Panglima Tibang: Sejak Kecil Jago Menari dan Melawak
Beujroh aneuk nanggroe
Media hiburan terus berkembang dan bahkan begitu pesatnya. Era sebelum 80-an hiburan hanya ditampilkan melalui pertunjukan seni teater. Berangkat pada era berikutnya 90-an ke atas hiburan tesuguhkan melalui dunia kaca pertelevisian. Semakin banyak televisi menampilkan hiburan, maka semakin naik pula reting tayangannya.
Reting tayangan ini tentunya berpengaruh pada jumlah penonton, sehingga berpengaruh pula pada upaya komersil. Banyak pendapatan usaha pertelevision melalui produk-produk terbaru yang diinformasikan melalui layar kaca.

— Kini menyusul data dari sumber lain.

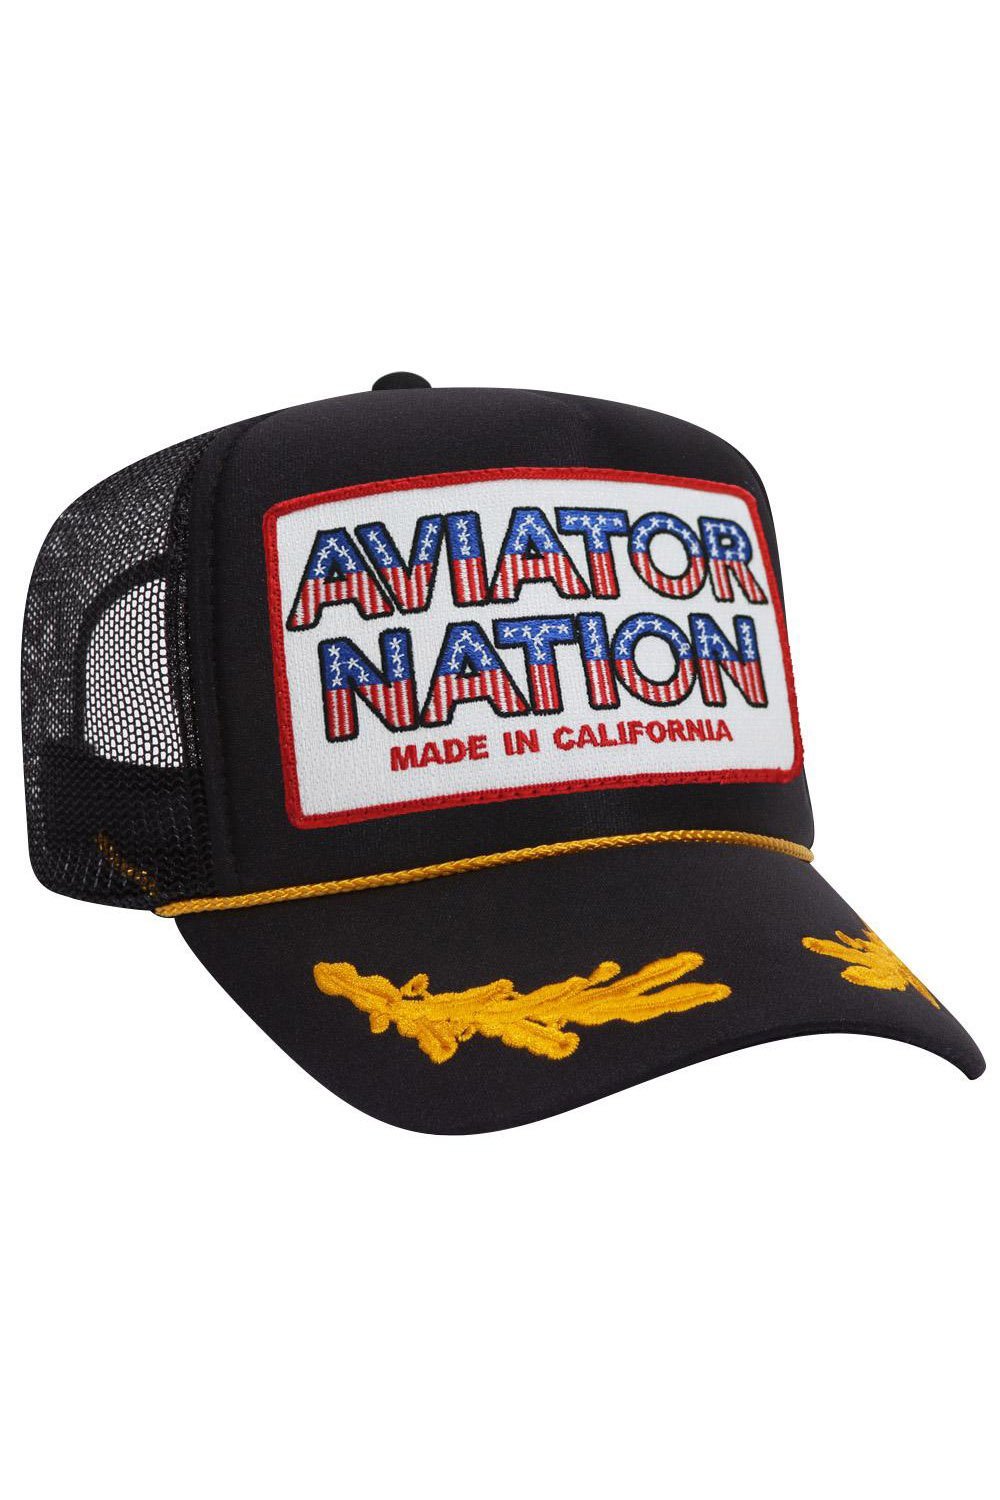 AVIATOR NATION USA PATRIOTIC VINTAGE TRUCKER HAT HATS Aviator Nation OS BLACK LEAF 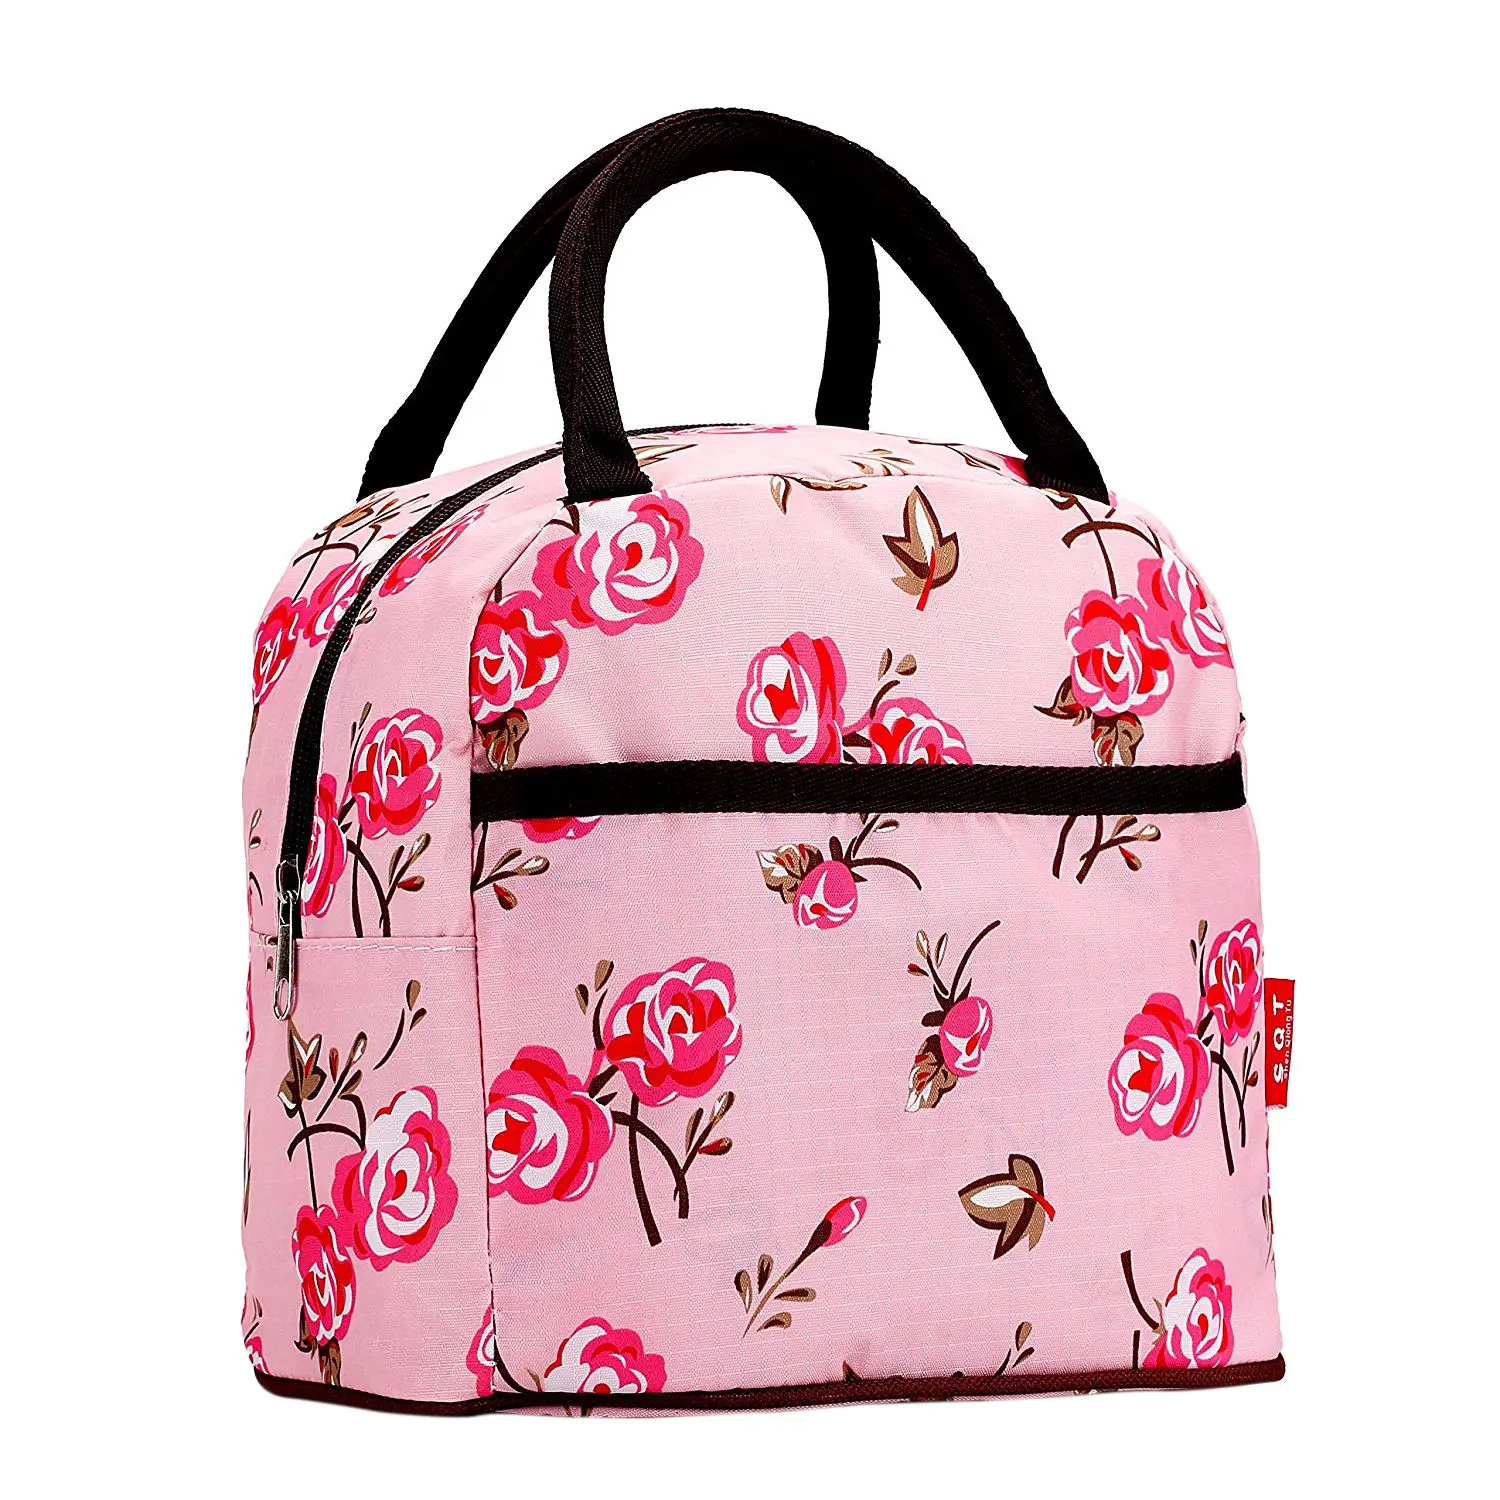 ABDB розовый стиль полиэстер Ланч-бокс посылка магазин сумка кошелек для женщин девушек - Цвет: Pink

Dunia informasi terus berkembang, era four poin zero ditandai dengan "kemampuan informatif". Dari sinilah muncul upaya pencitraan terhadap diri, produk, dan juga terkait dengan penjajakan akan sesuatu hal yang bersifat politis. Setiap orang merasa berhak menjajakan dirinya di media sosial seperti halnya barang-barang hasil produksi dipasarkan.
Di sini, tentunya politik bukanlah dunia hiburan melainkan seni bagaimana merebut kekuasaan yang bertujuan untuk menyampaikan kesejahteraan. Kekuasaan di abad modern; dengan konsep Trias Political dipahami sebagai panggung seni, dari panggung itulah kebijakan-kebijakan publik antar lembaga diproduksi. Karena politik adalah seni, maka setiap kebijakan yang yang diproduksi mengantarkan keindahan bagi umat.
Namun, di era yang sudah lama berlaku, seni politik dimanfaatkan oleh pelaku seni hiburan. Di sini, munculnya ketimpangan dalam mengelola kebijakan publik, sebab seni mengantarkan kesejahteraan akhirnya diperankan oleh pelaku seni hiburan. Maka, jangan heran pelaku seni suka menjadi pengacau dalam urusan ketatanegaraan.
Pelaku seni dapat dengan mudah diterima publik, sebab pelaku seni sering mengeluarkan "petuah hikmah" yang didapatkan dari para pemikir atau inspirasi jiwa seninya dalam pertunjukan. Petuah hikmah ini telah merubah imej dirinya disaat mereka terjun ke dunia politik. Dari tampilan wajahnya terlihat sebuah kebijakan, dan tampilan tersebut mempengaruhi jiwa elektoral politik. Padahal, semu a yang dilakukan oleh pelaku seni adalah sebuah lakon sahaja.
Jiwa seni hiburan yang melekat pada diri seseorang akan terbawa pada berbagai segmen kehidupan. Baik penari, penyanyi, dan pelawak apa pun yang dilihat, dipahami, dan dilakukan harus mengarah pada pertunjukan hiburan. Dan ini sudah pernah berlaku, bagaimana seorang yang dalam dirinya tumbuh jiwa sebagai penari dan pelawak mendapat ruang di ranah kebijakan publik.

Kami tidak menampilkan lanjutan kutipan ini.